__About this exercise__
With the pictures left out, transcribe exactly the lines from the one with "Décorez le bureau" through the end of the data.

__Exercise data__
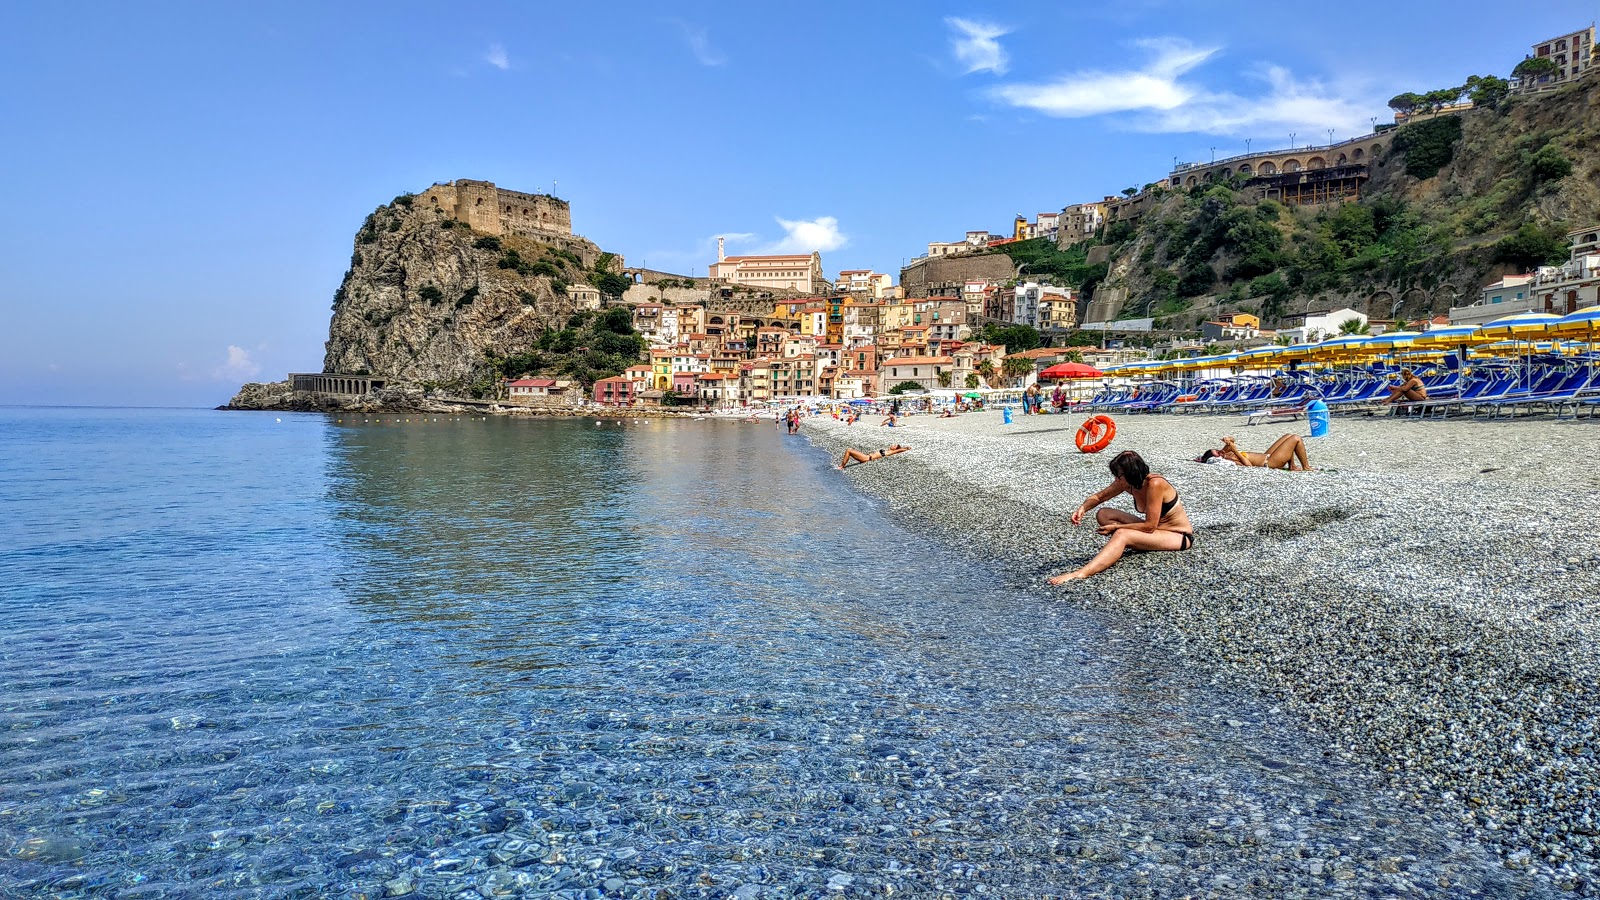 Valokuva Spiaggia Di Scillaista. pinnalla kirkas hiekka:n kanssa
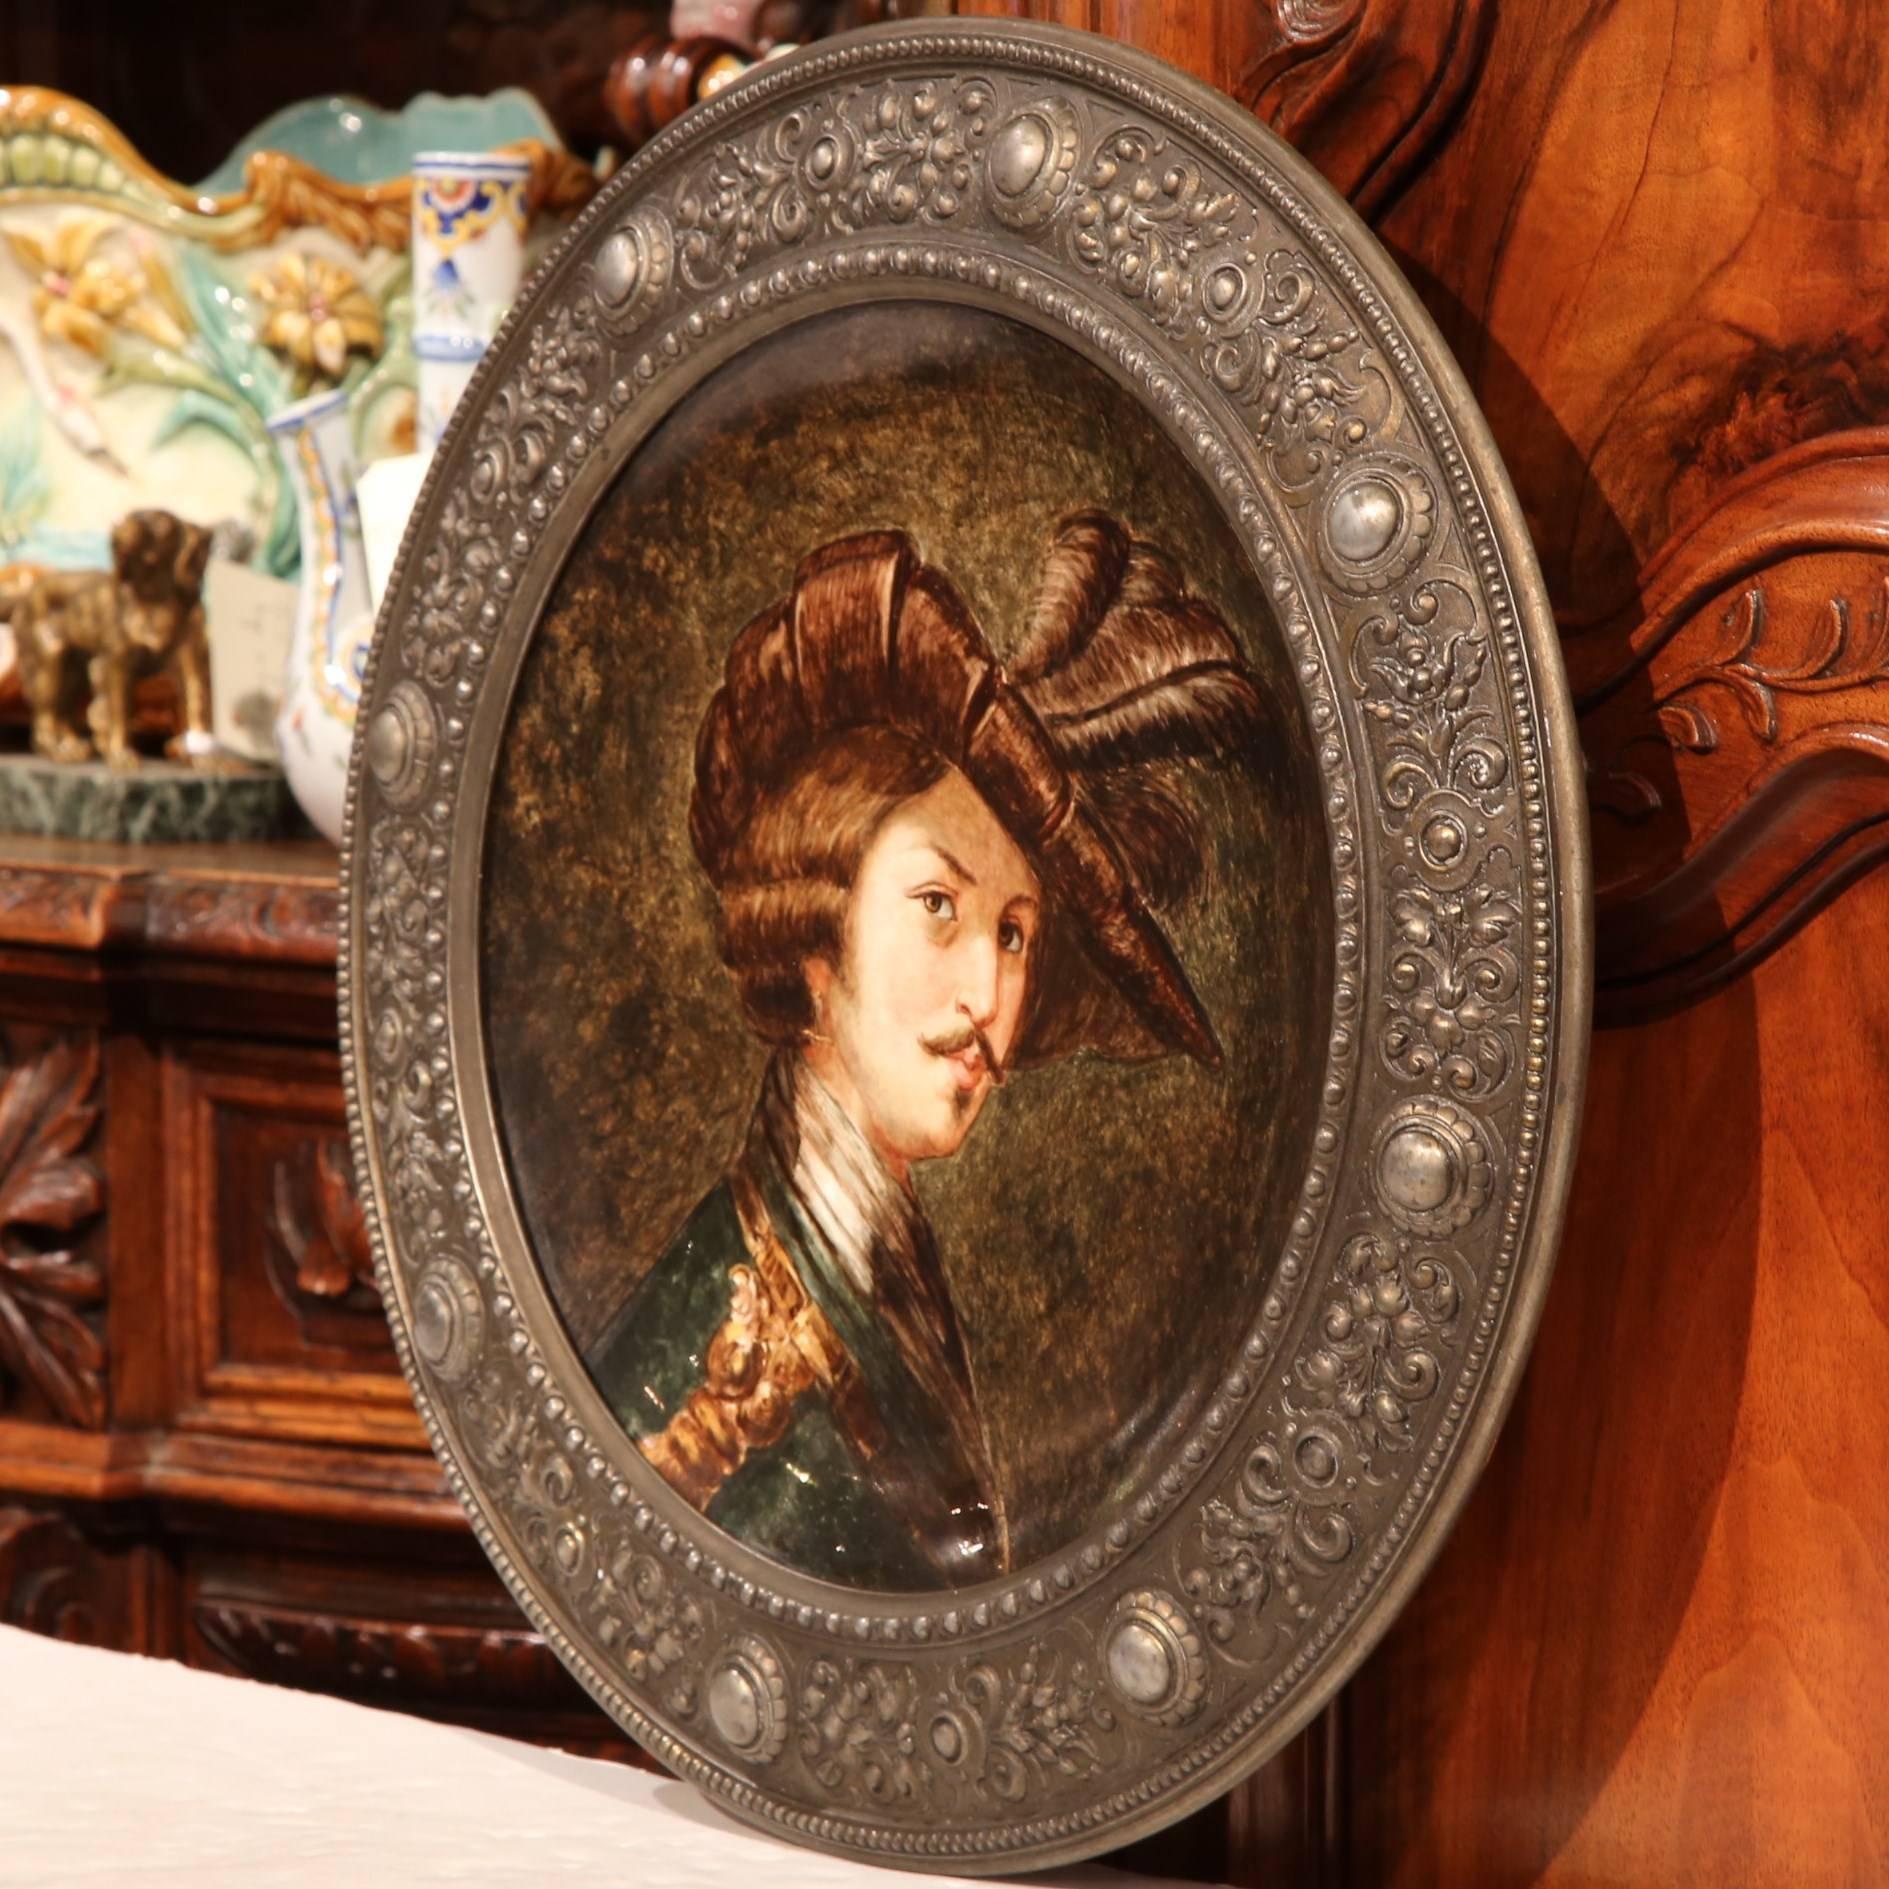 Décorez le bureau d'un homme avec cette grande assiette en porcelaine peinte à la main. Fabriquée en Allemagne, vers 1880 et de forme ronde, l'assiette en céramique peinte représente le portrait d'un homme habillé de vêtements d'époque ornés.
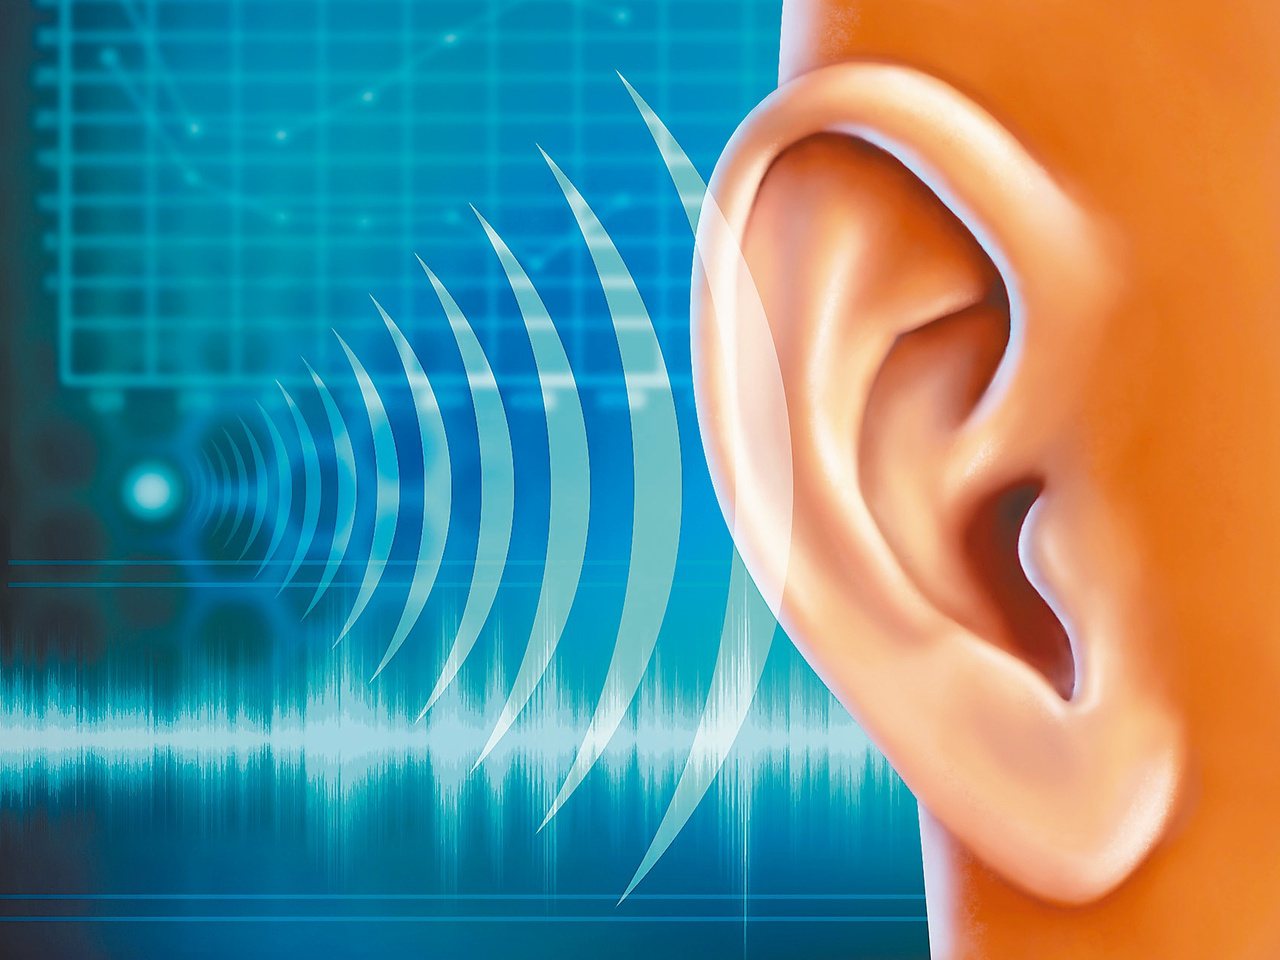 耳鳴和幻聽兩者來源不同，建議患者宜盡早就醫，早期找到病因並治療，才能減輕痛苦。圖╱123RF

__Output__
 Décorez le bureau d'un homme avec cette grande assiette en porcelaine peinte à la main. Fabriquée en Allemagne, vers 1880 et de forme ronde, l'assiette en céramique peinte représente le portrait d'un homme habillé de vêtements d'époque ornés.
 耳鳴和幻聽兩者來源不同，建議患者宜盡早就醫，早期找到病因並治療，才能減輕痛苦。圖╱123RF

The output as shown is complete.